6/14/2007

certifiable

yesterday morning i took the exam to become a certified medical transcriptionist (cmt), after studying the breadth and scope of the medical field for several weeks, and i passed! i am now officially a cmt. my wall certificate and my pin are in the mail.

the exam was much easier than i would have imagined. the first part consisted of multiple-choice questions and i knew about 80% to 85% of those answers right off the bat. they were plainly easy. of the rest i was able to eliminate a few of the choices and then take an educated stab. it was a strange mix of very basic questions and random off-the-wall specialty-specific questions. the second part of the exam was transcription from audio and proofreading. where i work, at multicare, we must have some extremely difficult dictators, because the sample of dictators on the exam yesterday was comparatively clear. understanding them was not a challenge at all. the proofreading questions were by and large simple as well; they just took close reading.

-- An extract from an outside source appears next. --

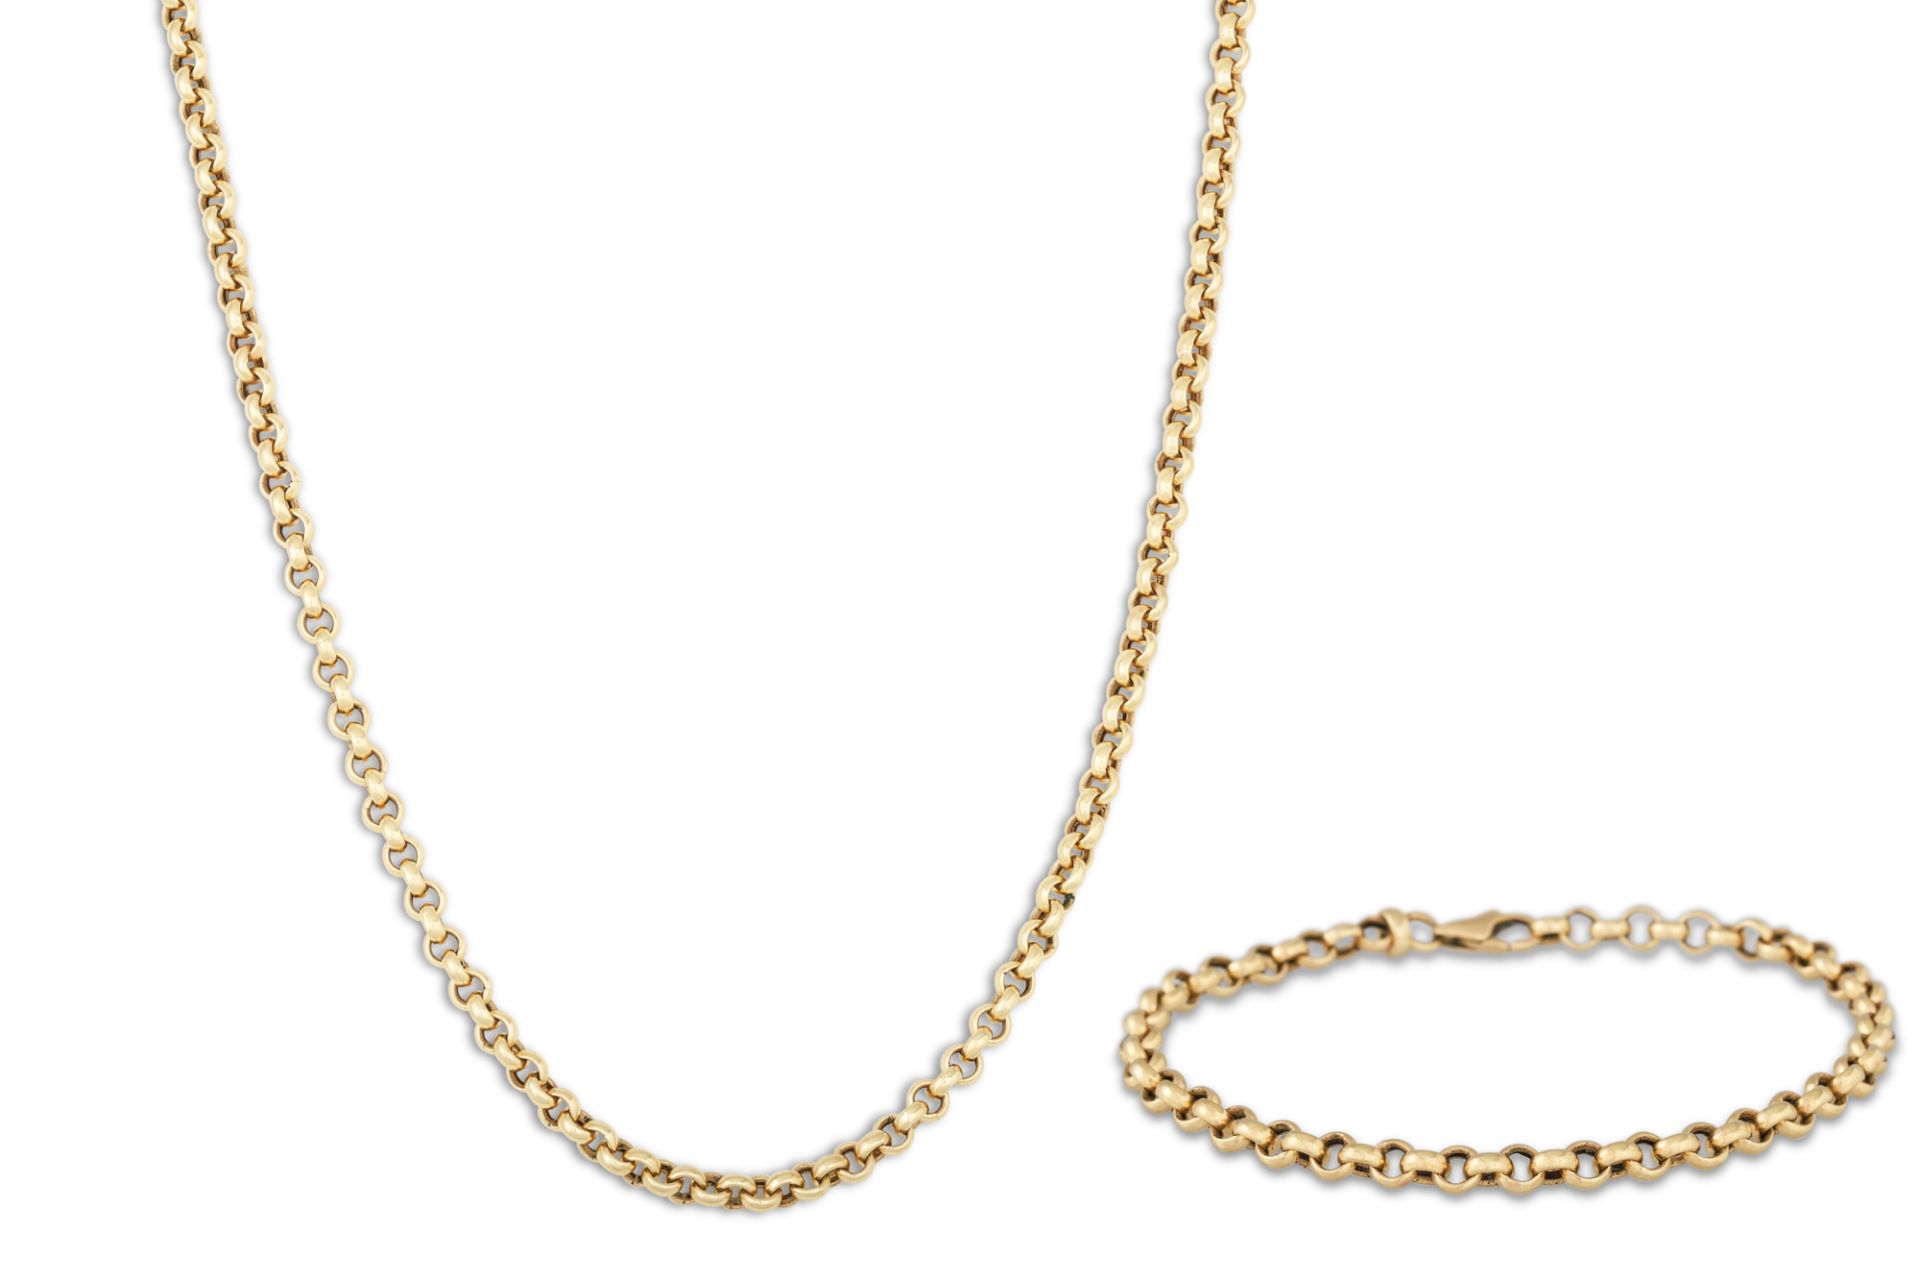 A 14CT GOLD NECK CHAIN, with matching bracelet, 28.5 g.

i'm sure i didn't totally ace the test; i got some questions wrong - i would be very surprised otherwise. but the bad thing is i don't know which ones i missed and they won't tell me. i'd like to know what it is i don't know, so i can come to know it. duh. i was told, however, by someone on the inside of the association for health documentation integrity (ahdi) (formerly the american association of medical transcription [aamt]) that i cannot be told which questions i missed because the association wants to maintain the integrity not only of health documentation but also of the cmt exam. i might tell potential test-takers the questions or something.

and i can understand that point of view, but i didn't even get a percentage grade when i took the test. i don't know by what margin i passed. this individual on the inside (she's a fellow of the american association of medical transcription [hence a faamt, and maybe soon a fahdi]) tells me that in eventual permutations of the exam, test-takers will get a percentage grade or at least something along those lines. that's the future, though.

so i have to live with knowing only that i answered enough questions accurately to satisfy the ahdi. which i suppose i can do. i don't particularly think that the exam was a good indicator of one's skill as a transcriptionist. i only had to actually transcribe, at most, a sentence or two on any given question. a better test, in my opinion, might have the applicant transcribe complete reports, for example. but these things are not up to me. (obviously such an exam would be considerably more painstaking to grade.) i suppose the point is that i'm now a cmt, one of only two in multicare's transcription department (the other is my friend kristi who took the exam last week!), and that means something.